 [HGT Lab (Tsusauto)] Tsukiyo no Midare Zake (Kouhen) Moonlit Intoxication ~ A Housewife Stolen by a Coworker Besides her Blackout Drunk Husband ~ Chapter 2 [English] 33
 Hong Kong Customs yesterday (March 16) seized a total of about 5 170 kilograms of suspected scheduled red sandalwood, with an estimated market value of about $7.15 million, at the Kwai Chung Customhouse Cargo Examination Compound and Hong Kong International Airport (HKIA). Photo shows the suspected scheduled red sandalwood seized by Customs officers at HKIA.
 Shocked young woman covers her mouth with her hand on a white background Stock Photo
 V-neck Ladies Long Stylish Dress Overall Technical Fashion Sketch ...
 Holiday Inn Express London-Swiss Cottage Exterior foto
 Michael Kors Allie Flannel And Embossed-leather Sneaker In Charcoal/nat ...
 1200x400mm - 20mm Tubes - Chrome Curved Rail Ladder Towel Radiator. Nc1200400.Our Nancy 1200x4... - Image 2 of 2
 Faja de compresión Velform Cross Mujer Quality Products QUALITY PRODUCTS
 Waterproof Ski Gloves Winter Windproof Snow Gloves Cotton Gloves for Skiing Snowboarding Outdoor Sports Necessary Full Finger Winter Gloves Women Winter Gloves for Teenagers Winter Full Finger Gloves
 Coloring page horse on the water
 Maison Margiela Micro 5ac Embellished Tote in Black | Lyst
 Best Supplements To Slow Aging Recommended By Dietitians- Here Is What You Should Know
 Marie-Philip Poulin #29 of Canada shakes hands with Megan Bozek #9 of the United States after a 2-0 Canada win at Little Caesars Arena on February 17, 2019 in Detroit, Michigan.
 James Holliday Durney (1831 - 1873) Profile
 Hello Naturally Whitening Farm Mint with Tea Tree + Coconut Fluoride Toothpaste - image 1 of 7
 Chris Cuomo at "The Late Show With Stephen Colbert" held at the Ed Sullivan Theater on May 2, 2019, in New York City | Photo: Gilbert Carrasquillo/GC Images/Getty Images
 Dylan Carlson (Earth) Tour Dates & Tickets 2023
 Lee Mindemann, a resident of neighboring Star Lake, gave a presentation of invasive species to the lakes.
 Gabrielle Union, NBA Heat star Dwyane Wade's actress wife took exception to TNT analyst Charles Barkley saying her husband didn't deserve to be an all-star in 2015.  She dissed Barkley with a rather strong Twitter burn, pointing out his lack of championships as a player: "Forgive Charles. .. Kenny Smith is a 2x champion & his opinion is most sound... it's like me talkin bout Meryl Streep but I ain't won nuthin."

* _WHAT YOU NEED TO DO_
Your output must contain exactly the lines from the one containing "Dylan Carlson (Earth)" to the final line of the data above, and no other text.

* _OUTPUT BELOW_
 Dylan Carlson (Earth) Tour Dates & Tickets 2023
 Lee Mindemann, a resident of neighboring Star Lake, gave a presentation of invasive species to the lakes.
 Gabrielle Union, NBA Heat star Dwyane Wade's actress wife took exception to TNT analyst Charles Barkley saying her husband didn't deserve to be an all-star in 2015.  She dissed Barkley with a rather strong Twitter burn, pointing out his lack of championships as a player: "Forgive Charles. .. Kenny Smith is a 2x champion & his opinion is most sound... it's like me talkin bout Meryl Streep but I ain't won nuthin."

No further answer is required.